For reference, the correct replacements are g_utf8_strrchr and g_utf8_strlen.

Comment 6 Frederic Peters 2009-09-19 09:08:50 UTC

Really I do want the functions to act on bytes, not on characters, there is no need for UTF-8 functions here.

 - strlen(uri->path) > 1 is ok as the string will always start with /, an ascii character (but it could be replaced by g_utf8_strlen without harm);
 - path[strlen(uri->path)-1] != '/' is ok as the last byte will either be /, an ascii character, or something else (but '/' will never be part of an UTF-8 multibyte character) (here g_utf8_strlen() wouldn't do it, as it would return the number of characters, not the number of bytes, which would give a wrong array index);
 - uri->path[strlen (uri->path)-1] = 0; is ok as the last character is known to be '/', a single-byte character (g_utf8_strlen() would be wrong for the same reason as above);
 - strrchr (uri->path, '/'); is ok as '/' can only exist as a single byte character (could be replaced by g_utf8_strchr without harm).

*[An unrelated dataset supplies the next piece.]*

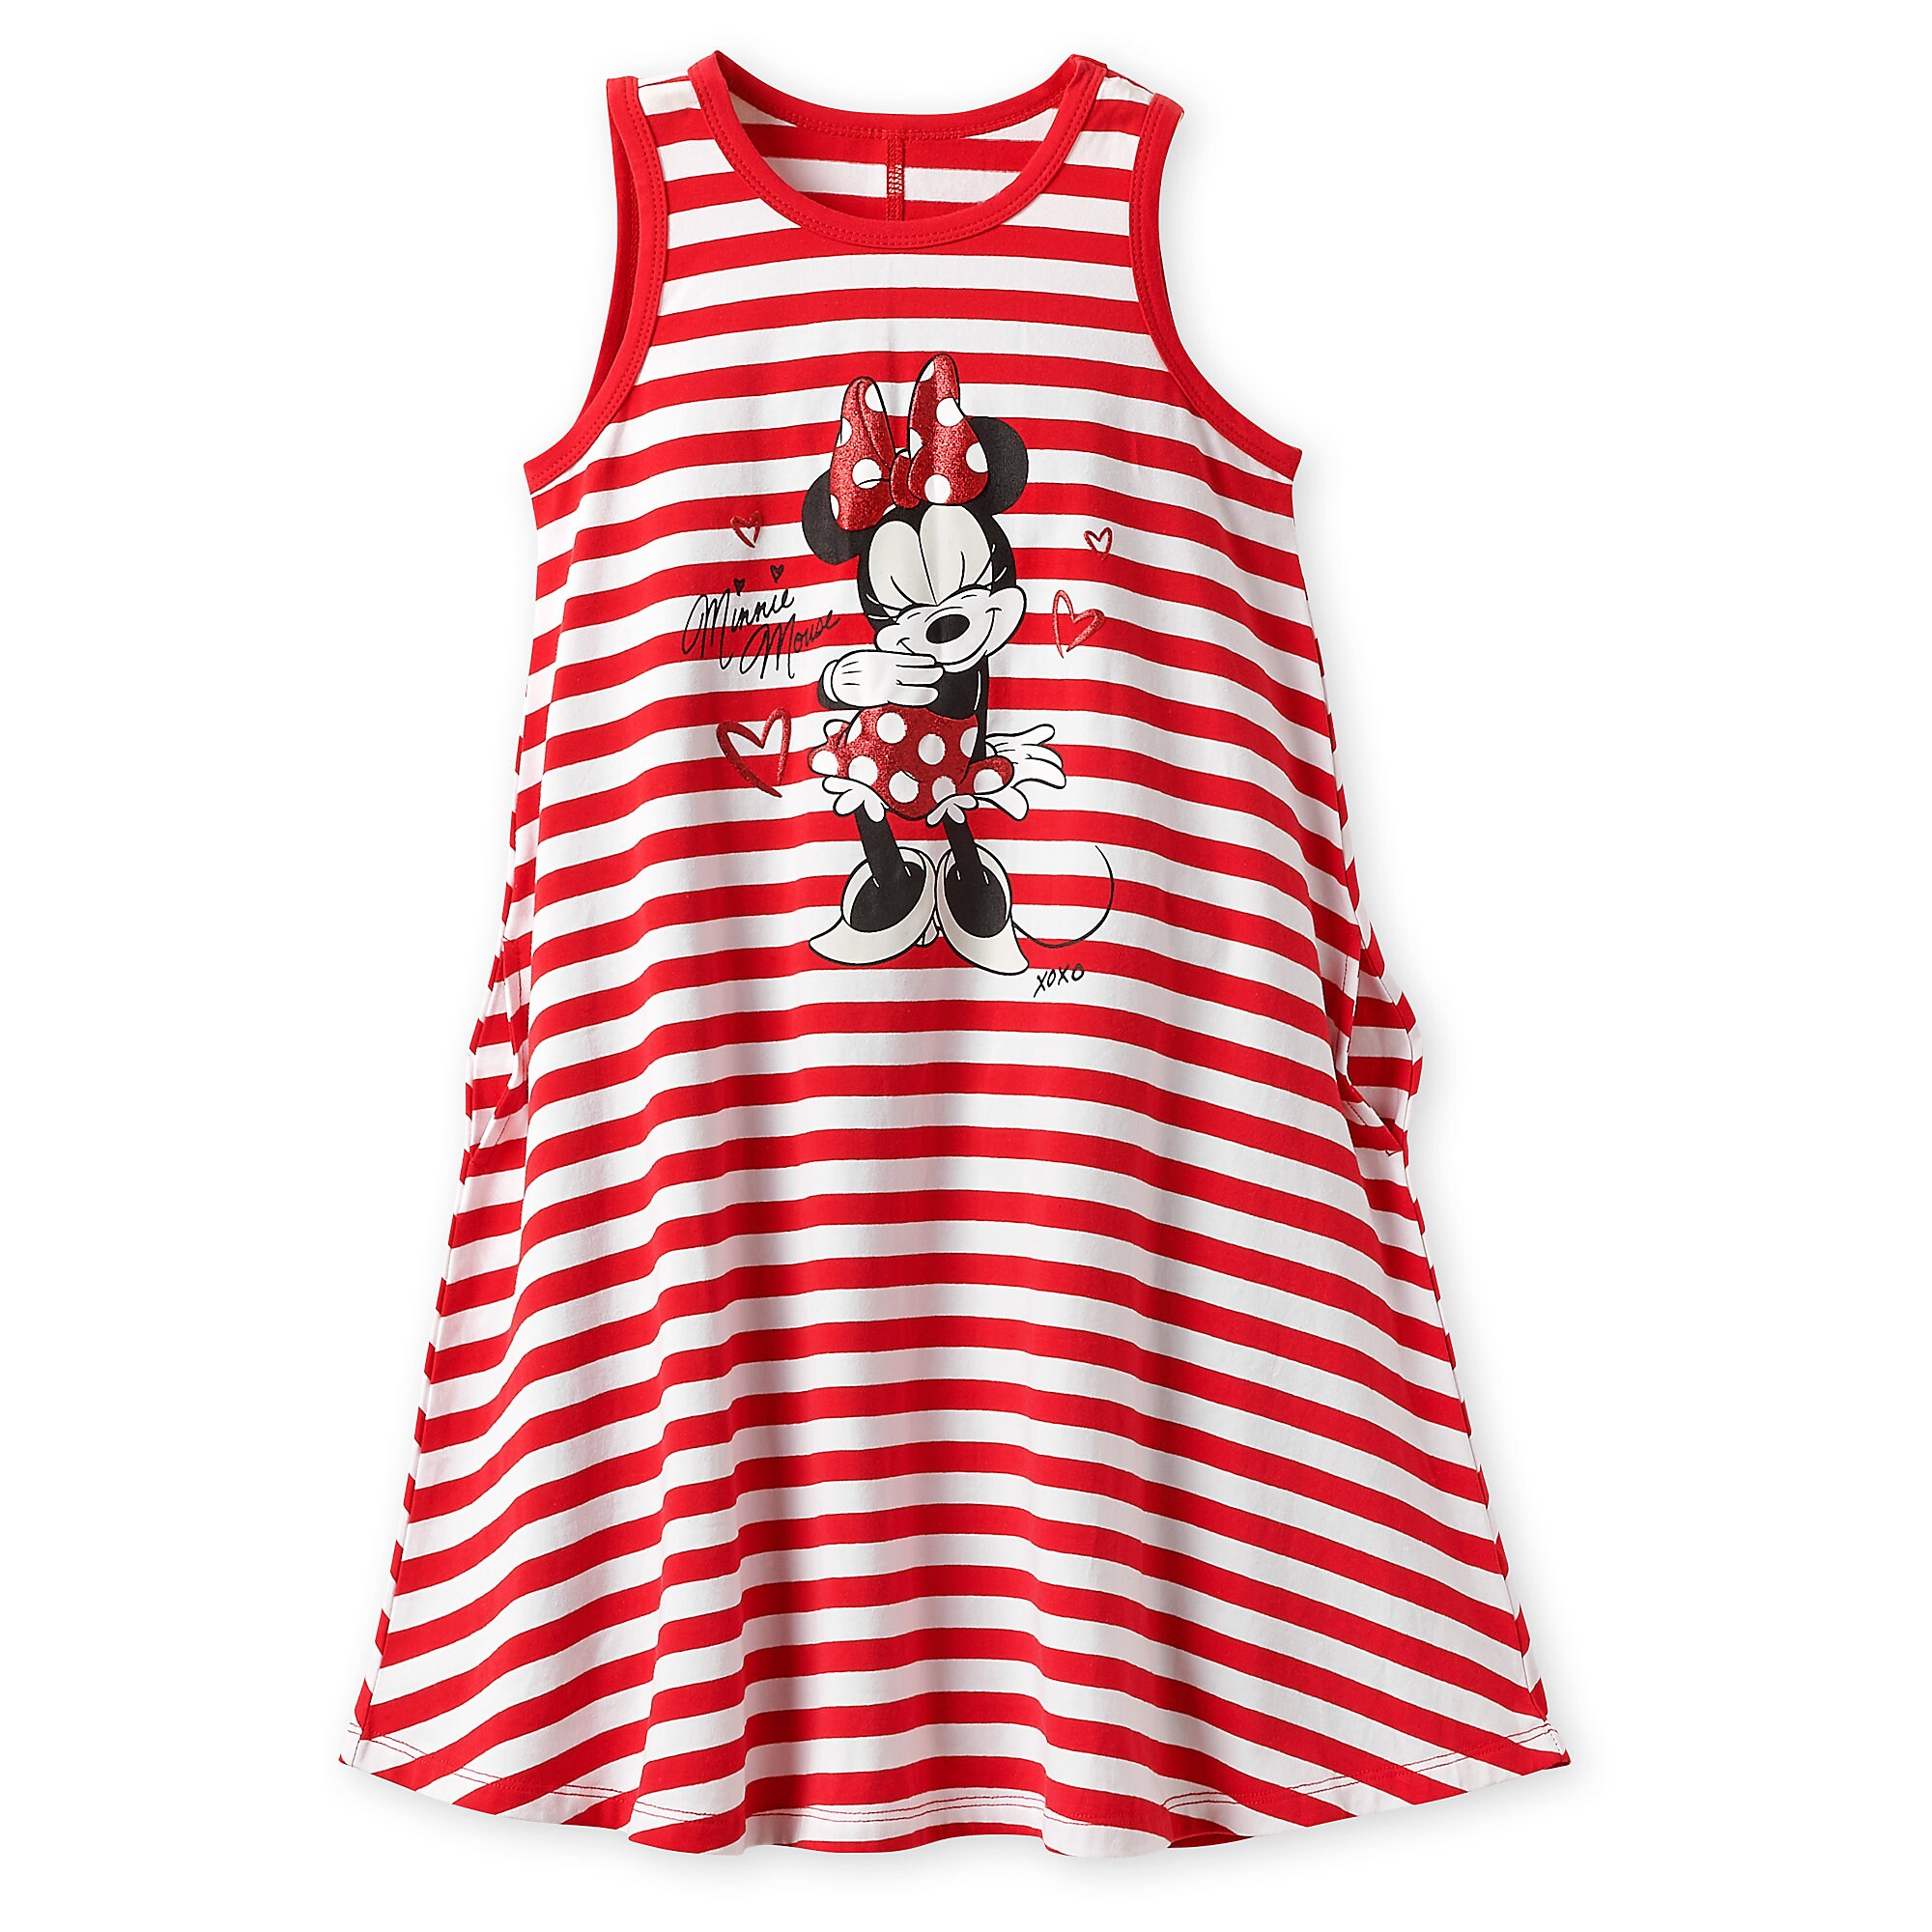 Minnie Mouse Striped Dress for Girls - Red

Comment 7 Xan Lopez 2009-09-19 09:26:29 UTC

(In reply to comment #6)
> Really I do want the functions to act on bytes, not on characters, there is no
> need for UTF-8 functions here.
> 
>  - strlen(uri->path) > 1 is ok as the string will always start with /, an ascii
> character (but it could be replaced by g_utf8_strlen without harm);

I agree it does not matter here since you only want to check if there's more than one item, but there's no reason to mix functions IMHO.

>  - path[strlen(uri->path)-1] != '/' is ok as the last byte will either be /, an
> ascii character, or something else (but '/' will never be part of an UTF-8
> multibyte character) (here g_utf8_strlen() wouldn't do it, as it would return
> the number of characters, not the number of bytes, which would give a wrong
> array index);

That's what g_utf8_offset_to_pointer is. In this case since you want to check the last character I think it's better to search for the \0 byte and then just move backward one step with that function (which accepts negative offsets).

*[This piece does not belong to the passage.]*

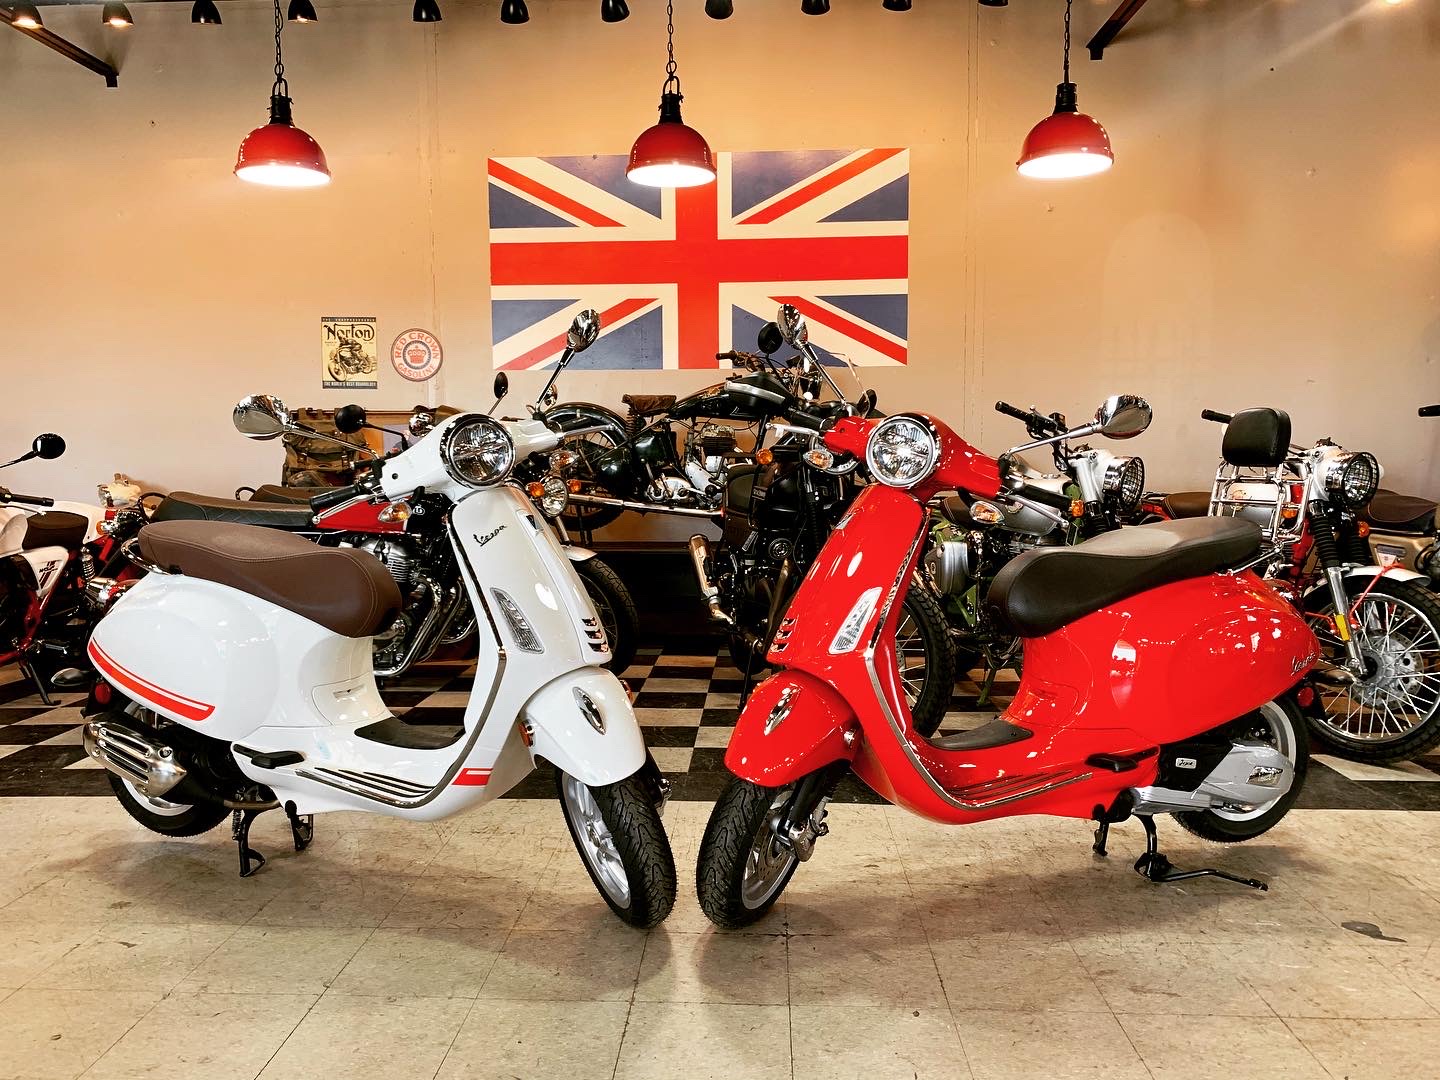 The Motorcycle Shop – Scooters, motorcycles sales, service, and parts.

In general I *very* much prefer to make things explicit instead of relying on details of the implementation for its correctness, which are bound to be missed by people when refactoring the code.

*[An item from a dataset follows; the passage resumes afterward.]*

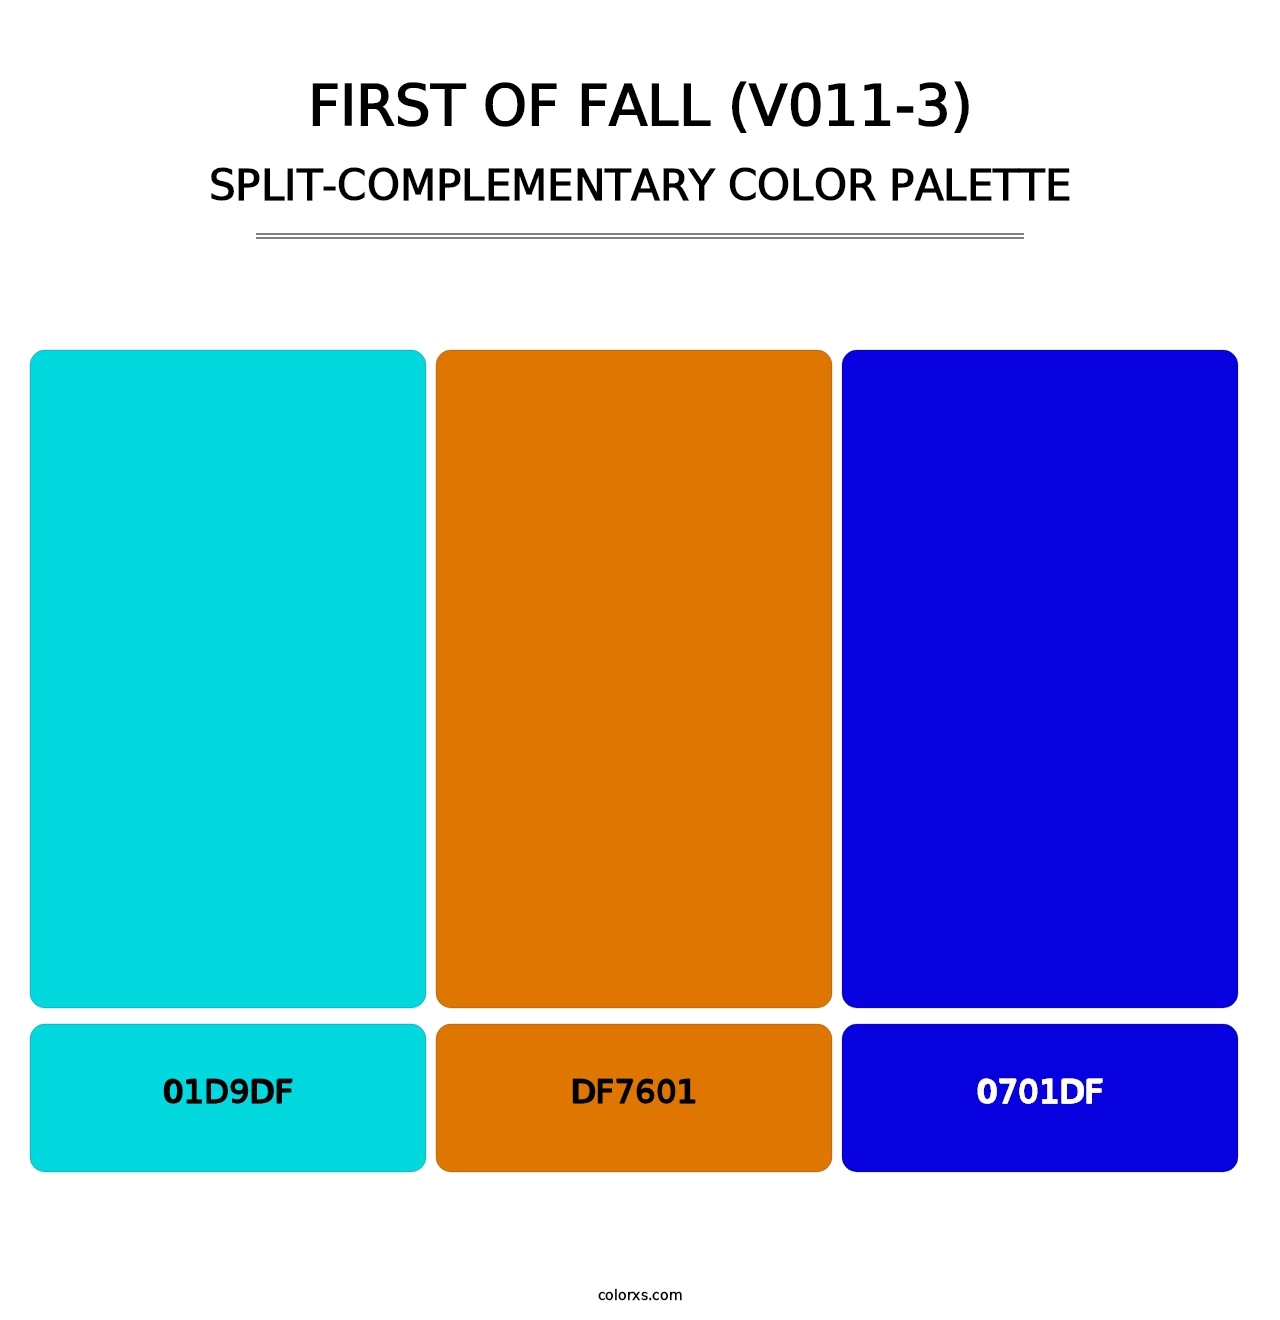 First of Fall (V011-3) - Split-Complementary Color Palette

>  - uri->path[strlen (uri->path)-1] = 0; is ok as the last character is known to
> be '/', a single-byte character (g_utf8_strlen() would be wrong for the same
> reason as above);

Same than above.

>  - strrchr (uri->path, '/'); is ok as '/' can only exist as a single byte
> character (could be replaced by g_utf8_strchr without harm).

Same than the first comment.

Comment 8 Frederic Peters 2009-09-19 11:55:04 UTC

Created attachment 143491 [details] [review]
Add back support for the "direction up" navigation

Comment 9 Frederic Peters 2009-09-19 11:55:45 UTC

This uses g_utf8_ functions, and update the comment of can_go_up().

Comment 10 Dan Winship 2009-09-19 14:35:51 UTC

(In reply to comment #4)
> Neither strrchr nor strlen will do the right thing with UTF-8 encoded strings,
> and you are using both of those.

strrchr does the right thing if you're scanning for an ASCII character, and strlen does the right thing if you want the length in bytes (which in this case he does). The entire point of UTF-8 as opposed to the other unicode encodings is that stuff like this still works.

(Also, uri->path is %-encoded, so it ought to be ASCII anyway...)

Comment 11 Xan Lopez 2009-09-19 15:11:26 UTC

(In reply to comment #10)
> (In reply to comment #4)
> > Neither strrchr nor strlen will do the right thing with UTF-8 encoded strings,
> > and you are using both of those.
> 
> strrchr does the right thing if you're scanning for an ASCII character, and
> strlen does the right thing if you want the length in bytes (which in this case
> he does). The entire point of UTF-8 as opposed to the other unicode encodings
> is that stuff like this still works.

As I said my point is simply that in code dealing with UTF-8 encoded strings I'd rather use UTF-8 functions just to be safer than sorry, especially when performance is not an issue at all. For example, when dealing with UTF-8 strings I think it's much better to do, in case that you want to access the last character in the string:

char* utf8_last_char (const char *p)
{
   glong len = g_utf8_strlen (p, -1);
   return g_utf8_offset_to_pointer (p, len - 1);
}

(or if you just can't stand going through the string twice, cycle through the string with the utf8_next function and return the previous to the null character).

I do agree p[strlen(p) - 1] works in this case, but at least I think it's better to make the code explicit than to rely in particularities that might not still be the case when this stuff is changed 3 years down the road, or that the next person touching this might miss. In any case...
> 
> (Also, uri->path is %-encoded, so it ought to be ASCII anyway...)

... since this is the case I guess this whole thing was completely pointless, so Frederic feel free to commit the first version just with the comment changed, and sorry for bothering you.

Comment 12 Frederic Peters 2009-09-20 09:04:02 UTC

Created attachment 143514 [details] [review]
Add back support for the "direction up" navigation

No problem, as I detected a problem with about: and data: URI scheme I didn't commit but modified the patch for a new review (straightforward but perhaps there are other URI schemes where path is not really a path).

Comment 13 Xan Lopez 2009-09-22 09:14:46 UTC

Comment on attachment 143514 [details] [review]
Add back support for the "direction up" navigation

Looks good to me, please commit.

Comment 14 Frederic Peters 2009-09-22 09:29:24 UTC

Thanks, pushed (as f279bbf2de28).